After a little trial a few months ago, with a harness and a bungee cord, I had been content to leave Rosie until she was a year old before taking her out for a run with me, as that's what all the advice is. But this morning I was getting ready to go for a run and working out how to fit a walk in before the kids are done at pre-school, and I just thought, oh, for goodness' sake, I'll just take her with me. 

So we went to our local country park and did two laps and Rosie was brilliant! I am not a good runner, so I suspected that it actually wouldn't be anywhere near too much for her young legs and sure enough, she barely broke into a trot the whole way round! The first lap I kept her on the lead and she stayed near me and was really, really well behaved, but by the second lap, she seemed to be a bit bored so I let her off and she went racing off ahead of me and stopped, looked around and gave me a look as if to say "Come on, put some effort in!"

The only problem we had was when we got close to other dogs and she became a little unpredictable and nearly tripped me up! But, apart from that, she ran with me for 50 minutes, and when we got back to the car and I gave her some water, she had two or three big licks of water and the she was fine. We got home and she was still jumping about everywhere, like she hadn't been walked for ages!

Running with a poo bag in one hand was a bit tricky, too, as she chose a spot miles away from the nearest bin!

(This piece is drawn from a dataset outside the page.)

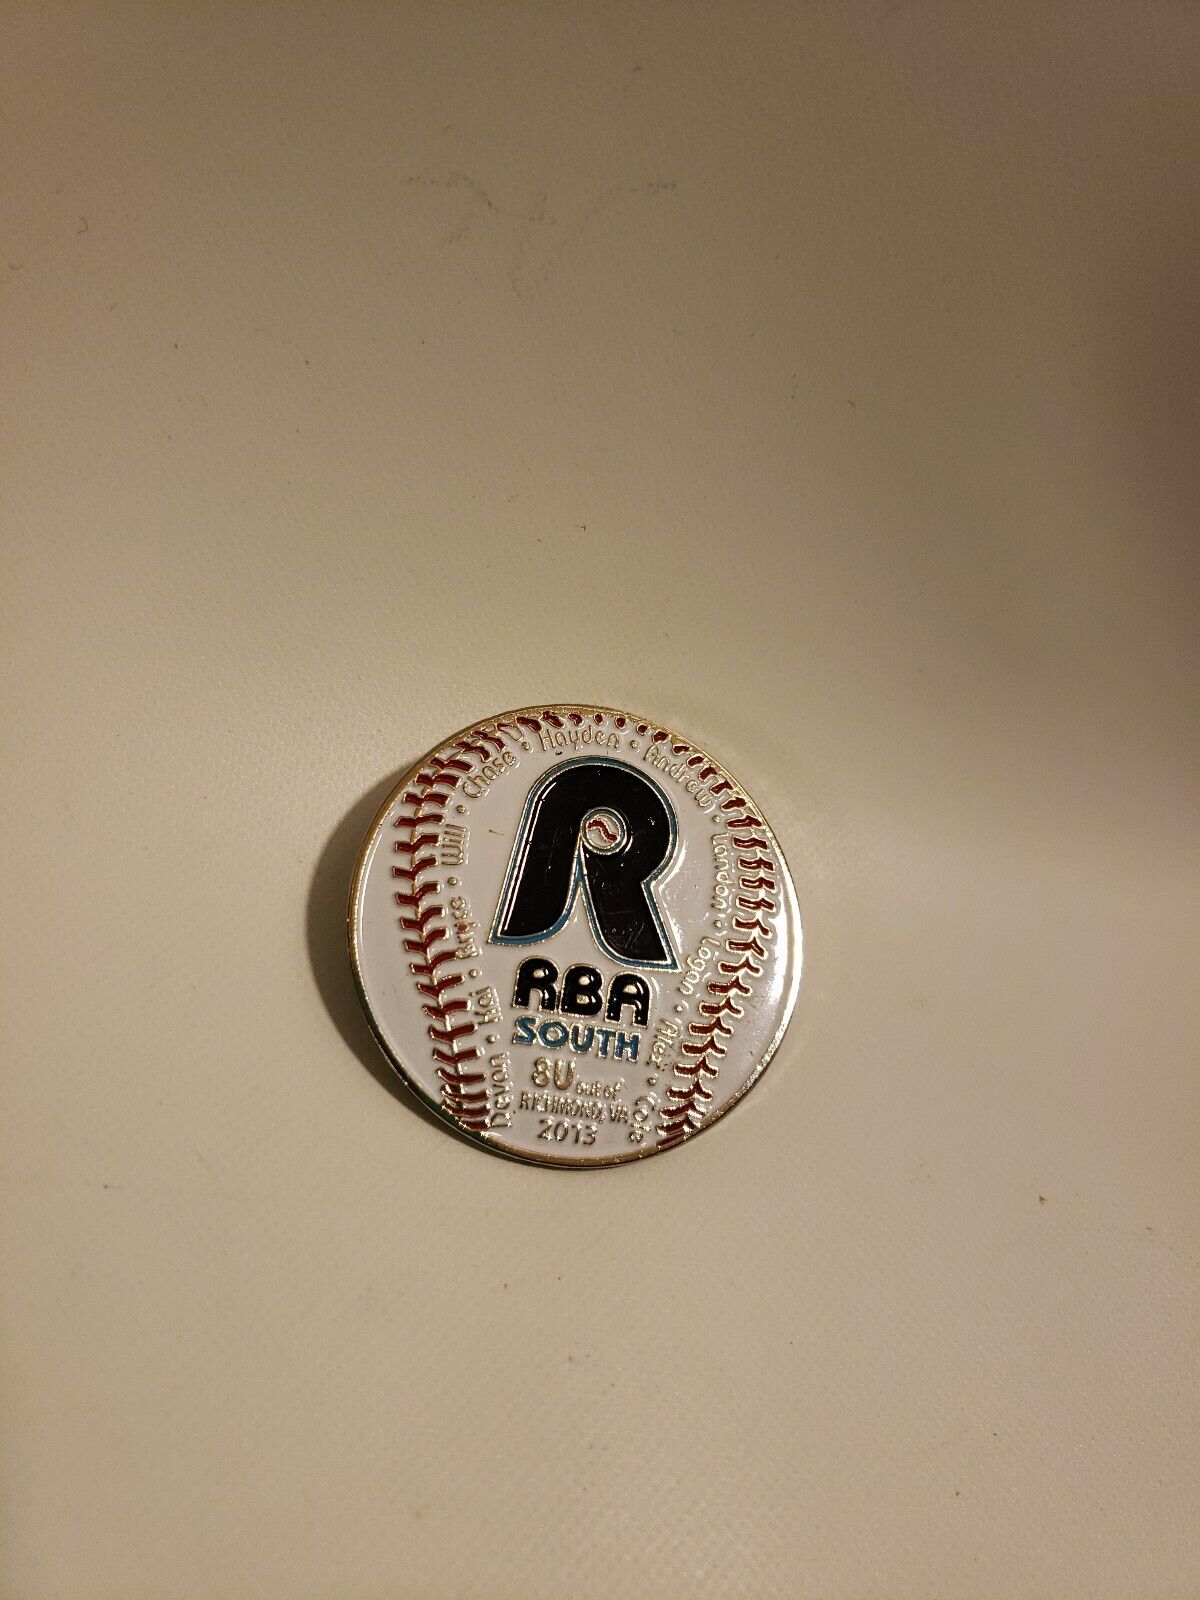 Rba South 8u Richmond Virginia Baseball Team Club One Post Pin

Oh, and my husband's comment was "you'd never manage to do that with two dogs". Oh, but I would! (and how excited am I that he has actually mentioned it himself? He must be cracking!!! Calm, calm, got to play the long game...)


----------



## oldmanmille (Jun 3, 2011)

Think I would have just sat there and watched the dog running 

Well done to both of you....


----------



## Sarette (Mar 21, 2011)

oldmanmille said:


> Think I would have just sat there and watched the dog running
> 
> Well done to both of you....


Lol John, I like your thinking!

Well done Louise and Rosie, I am most impressed!! xx


----------



## Dolly Parton (Jun 6, 2011)

Hi Louise, I take Dolly running with me most days and my vet said from 10 months was fine. I have found a running lead really useful, it ties around your waist and stops you from having to hold out your arm all the time! Like Rosie, Dolly hardly breaks into a sprint (I'm not that fast either!). She definitely pegs it more when we go over the fields. It will be interesting to see how running with 2 works out. I have limited time too as have to pick children up at 1pm. Maybe I just do a relay with the dogs, take them one after the other. That way I get fitter I suppose!


----------



## MillieDog (Jun 1, 2011)

Interesting. This is something I might try. However, my running is rubbish and I fear I will disappoint Millie by giving up too quickly


----------



## lady amanda (Nov 26, 2010)

that sounds awesome! good for you guys!


----------



## wilfiboy (Sep 18, 2010)

You put me to shame.... good for Rosie and Dolly, I bet its not much harder with two, you'll soon find out Clare x
Loiuse that hubbies going to bottle if you keep calm and play your cards right.... good strategy making him think like its his idea x


----------



## JulesB (Mar 6, 2011)

oh interesting as i've also not tried running with betty as i'm certain she is faster than me!!! i will have to give it a go sometime!


----------



## embee (Dec 27, 2010)

weez74 said:


> "you'd never manage to do that with two dogs". Oh, but I would! (and how excited am I that he has actually mentioned it himself? He must be cracking!!! Calm, calm, got to play the long game...)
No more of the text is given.